To better clarify this concept, we selected two of the differentially expressed pathways that were of special interest. Firstly, the “Proliferation” signature was used to classify all samples independent of tumor origin in “Proliferation High” and “Proliferation Low” categories, defined as an ES value >median or <median of all samples, respectively. This 52-gene cluster described by Nagalla et al (Nagalla et al., 2013) has previously been associated with the prognostic value of immune gene signatures in breast cancer (Miller et al., 2016). As represented by a histogram, the proportion of samples with high proliferation signature enrichment was larger in ICR-enabled cancer types compared with ICR-disabled cancers (Figure 6A). This very basic binary classification was already capable of segregating samples in a group in which ICR has a positive prognostic value from a group in which ICR is not associated with survival (Figure 6B). As a second illustration, “TGF-ß signaling” was used to classify samples based on this pathway using the same approach. For this oncogenic pathway, ICR-enabled cancer types typically had a lower enrichment of this pathway compared to ICR-disabled cancer types (Figure 6C). This classification could also divide samples in a group in which ICR has a positive association with survival and a group in which this association is absent (Figure 6D).
As proliferation positively correlates with tumor mutational load (Pearson’s correlation coefficient = 0.49) (Supplementary Figure 9), we investigated whether tumor proliferation independently contributes to the prognostic value of ICR. Therefore, we segregated pan-cancer samples in four categories based on both mutation rate and proliferation (Supplementary Figure 10). Interestingly, in the proliferation high group, ICR High was associated with significantly improved survival independent of mutation rate. A similar observation is made for the mutation rate high group, ICR High is associated with better survival independent of proliferation. These finding suggest that mutation rate and enrichment of proliferation-related transcripts provide additive information to define the prognostic value of ICR. Furthermore, in a multivariate Cox proportional hazards model including ICR classification, proliferation enrichment, TGF-ß signaling enrichment, and tumor mutation rate, all parameters remain significant (Supplementary Figure 11). This implies that ICR, proliferation rate, TGF-ß signaling and tumor mutation rate all have independent prognostic value.
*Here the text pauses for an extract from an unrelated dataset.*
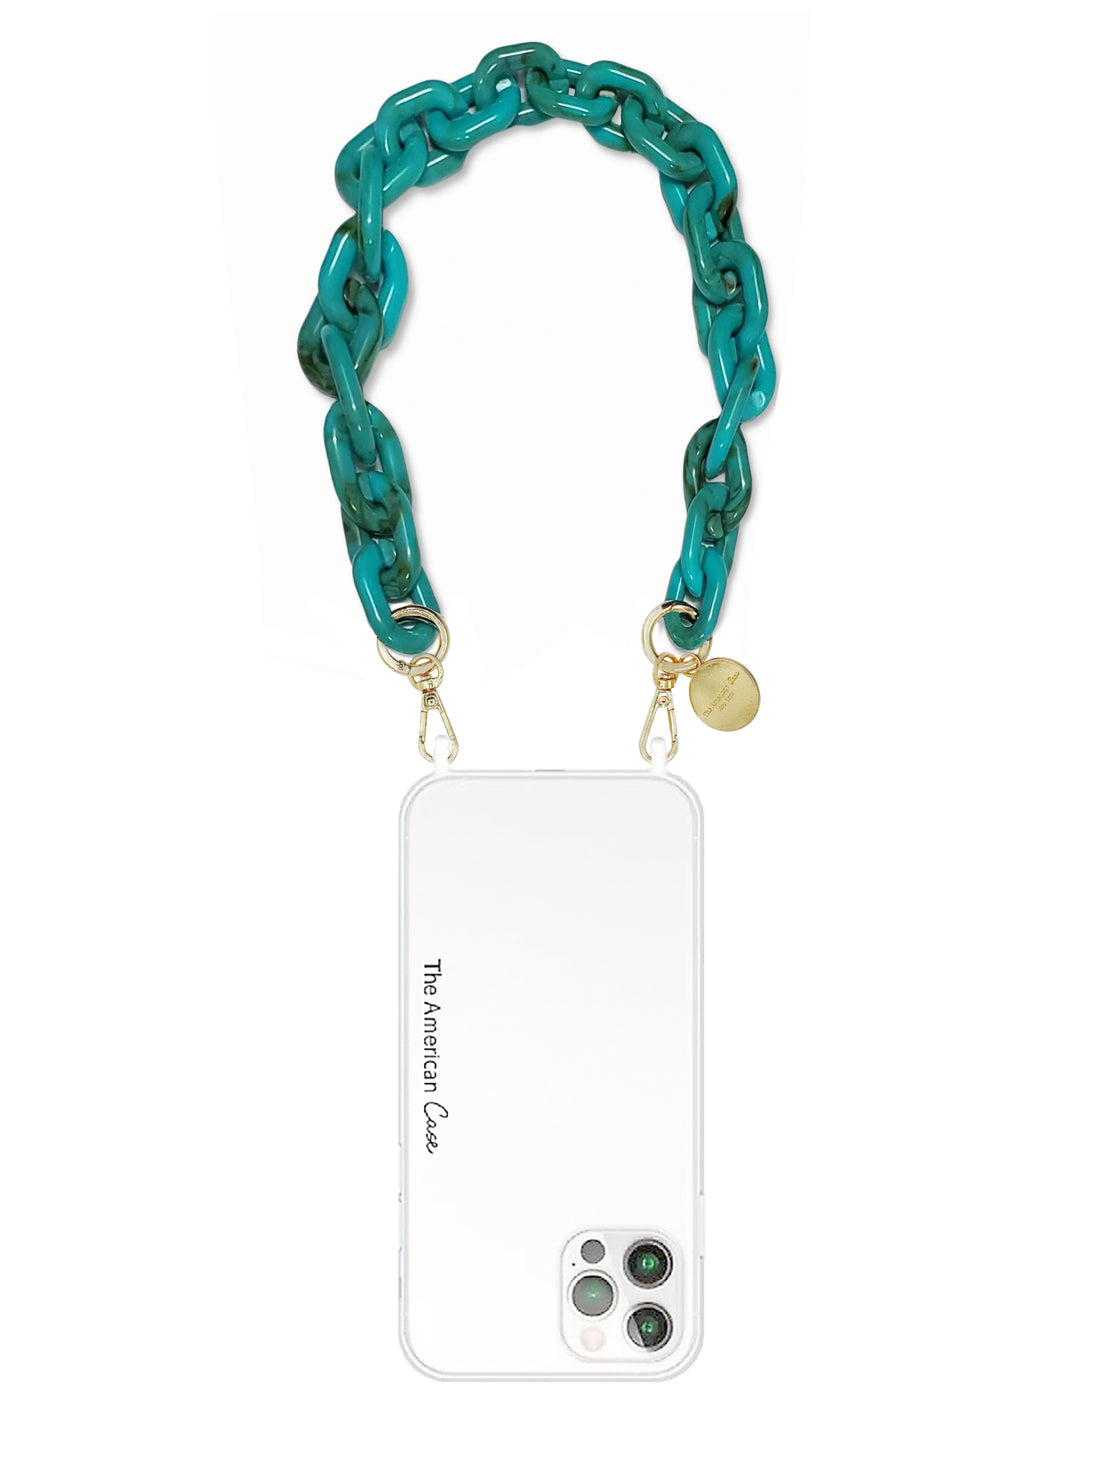 Cyan - Turquoise Short Resin Phone Chain with Gold Carabiners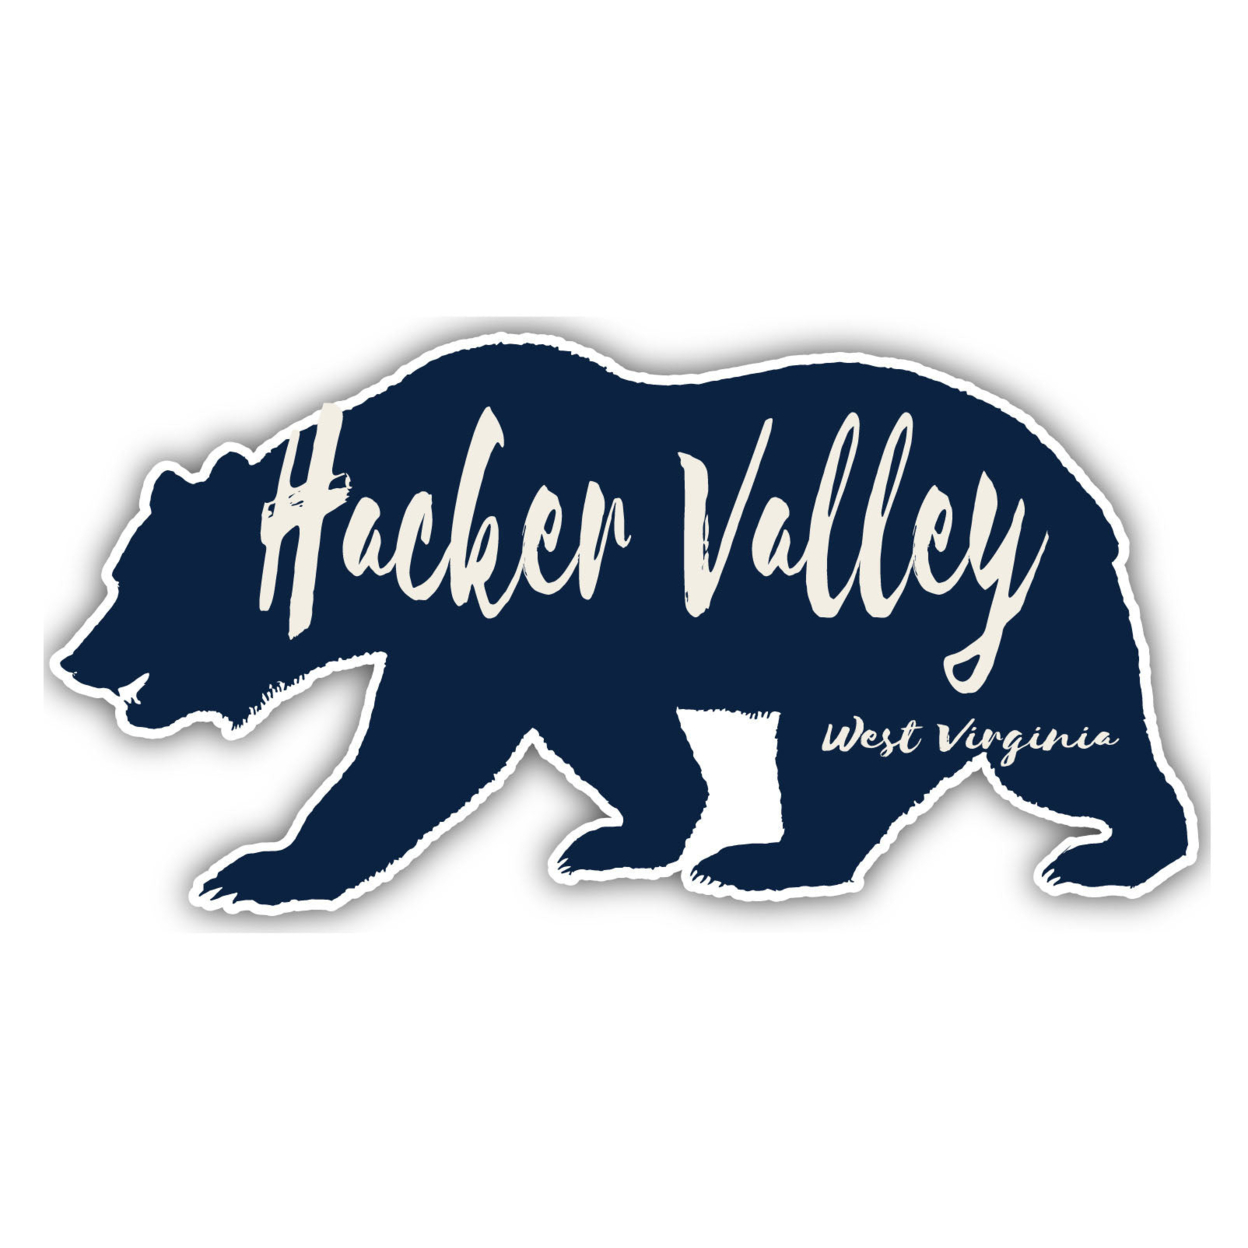 Hacker Valley West Virginia Souvenir Decorative Stickers (Choose Theme And Size) - 4-Pack, 2-Inch, Bear

We then continued by verifying whether these tumor intrinsic attributes that interact with the prognostic impact of ICR when evaluated pan-cancer, could also translate to individual cancer types. For each individual cancer type, samples were divided by median ES for each of the selected pathways. ICR HRs (ICR Low vs. ICR High) were compared between each pathway-High and pathway-Low group for each cancer type (Supplementary Figure S12A-B). Overall, we indeed observed an increased HR for samples with a high enrichment of ICR enabling pathways for most cancer types. For samples with a high enrichment of ICR disabling pathways, the HR was indeed lower (Supplementary Figure S12C).
These data confirm an association between the prognostic impact of ICR classification and enrichment of oncogenic pathways in individual cancer types as well as pan-cancer. Of note, these interactions between the prognostic significance of ICR and tumor intrinsic pathways were mostly present in enabled and neutral cancer types. Within disabled cancer types, with the exception of KIRC, similar associations were not found.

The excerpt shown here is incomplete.